The current retrospective study was limited by the relatively small number of eyes and the less stringent reinjection criteria than sponsor-initiated clinical trials. The small sample size could induce type 1 errors in logistic regression analyses after adjustment; therefore, we have shown both the crude and adjusted data in Table 3. The results were similar, suggesting that the adjusted data were not the result of a type 1 error. In addition, for the linear regression analysis, we adjusted only age and gender to analyze the independent variables, to follow statistical practices. Because informed consent was necessary for each reinjection, patients who refused the injection, although a minority, were allowed to, despite deteriorating BCVA and/or CRT at some of their visits. However, this could reflect the clinical course in a real-world clinical setting. Eighteen of 25 patients required bilateral IVR for DME, which may have contributed to patient hesitation with undergoing IVR due to economic and/or psychological issues. However, patients in the current study received reimbursement (at least 70% of the cost will be refunded) for each injection with no limitation on the number of injections they received. Eyes that underwent other treatments, regardless of the effects of IVR on DME, were excluded from the study; 7 eyes were treated for proliferative diabetic retinopathy, 4 eyes were treated for cataract, and 1 eye was treated for DME. Although the other treatments were not performed in order to treat DME except for in 1 eye that underwent focal laser photocoagulation, the exclusion of these eyes might also have affected the results.

Because DME can also be treated by photocoagulation,[ local steroid injection,[ and pars plana vitrectomy,[ the advantages and protocols of combined therapies should be investigated in the future. Results of the current study, in which eyes were treated only with IVR after the initial injection, may be valuable in designing future clinical studies for optimizing treatment protocols according to patient characteristics.

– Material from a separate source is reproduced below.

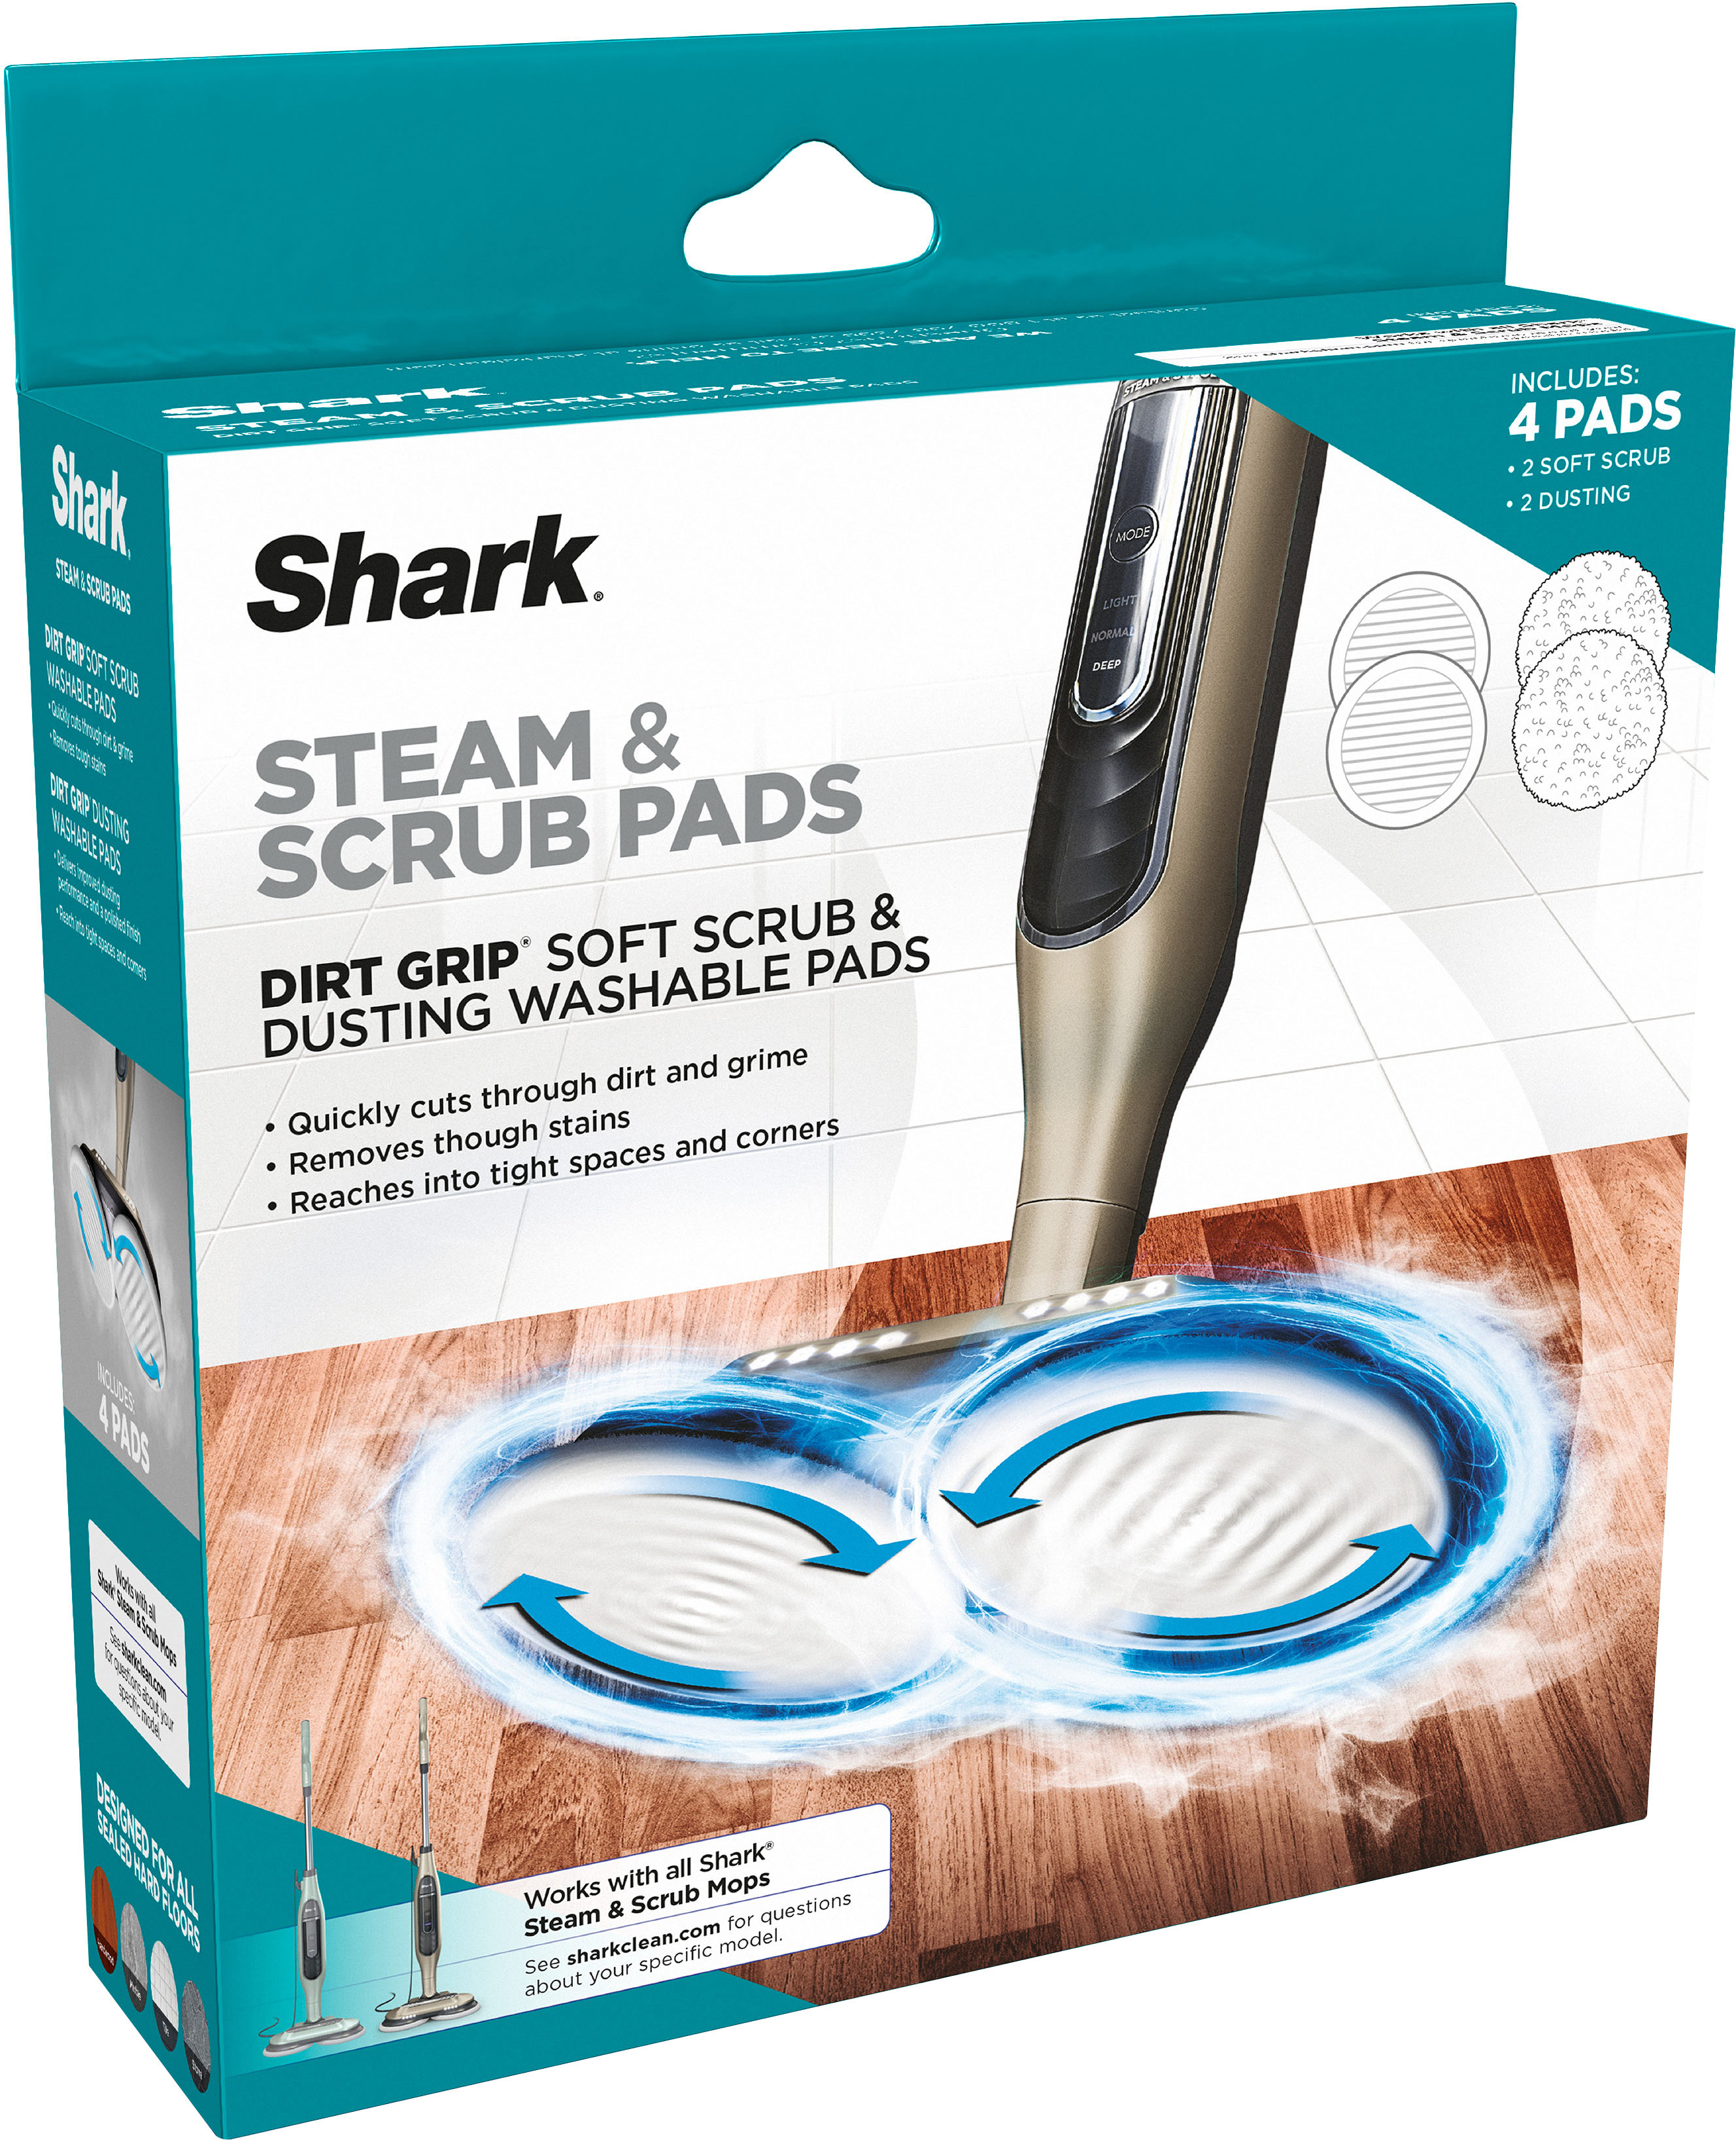 Save $40 on the Shark Steam and Scrub Mop at Walmart
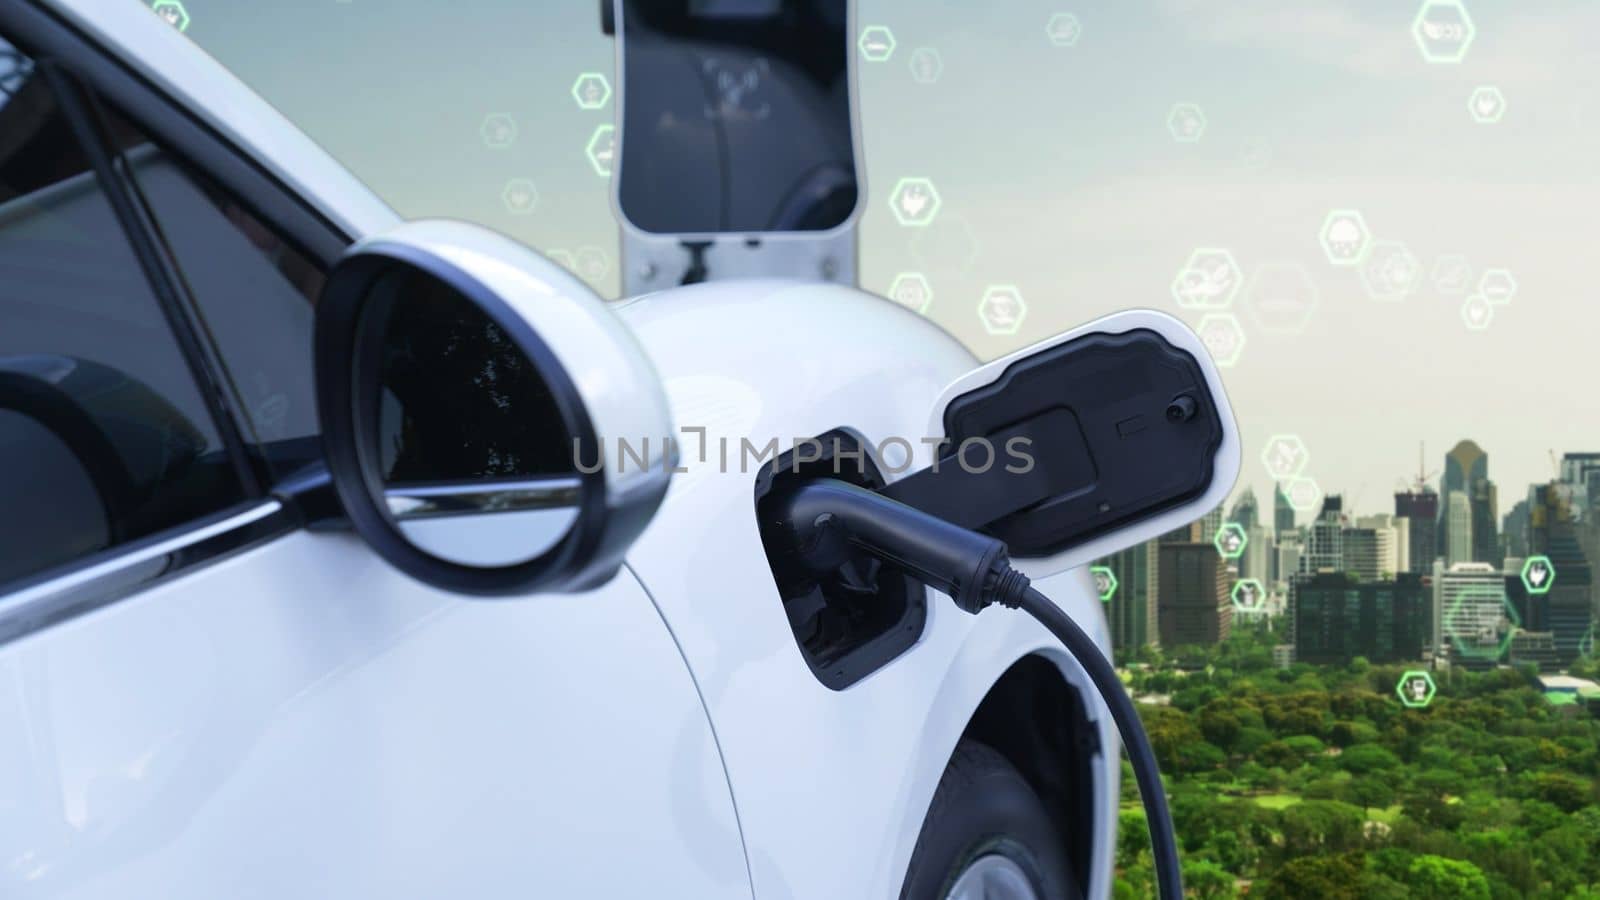 Progressive green city ESG symbol background with electric vehicle, EV car recharge energy at the charging point to increase environmental awareness with renewable energy powered transportation.

In conclusion, patients with DME who had poorer BCVA or CRT, and who had already undergone PRP due to retinal ischemia at baseline, were more likely to have a better improvement with IVR monotherapy. However, to obtain better BCVA or CRT outcomes, DME eyes should be treated with IVR before BCVA or CRT has markedly deteriorated, and before edema greatly progresses. These results were obtained using IVR monotherapy in a real-world clinical practice, and advance the understanding of the optimal use of IVR for DME. Further studies involving combination therapies are warranted to inform and develop optimal treatment protocols for individual patients.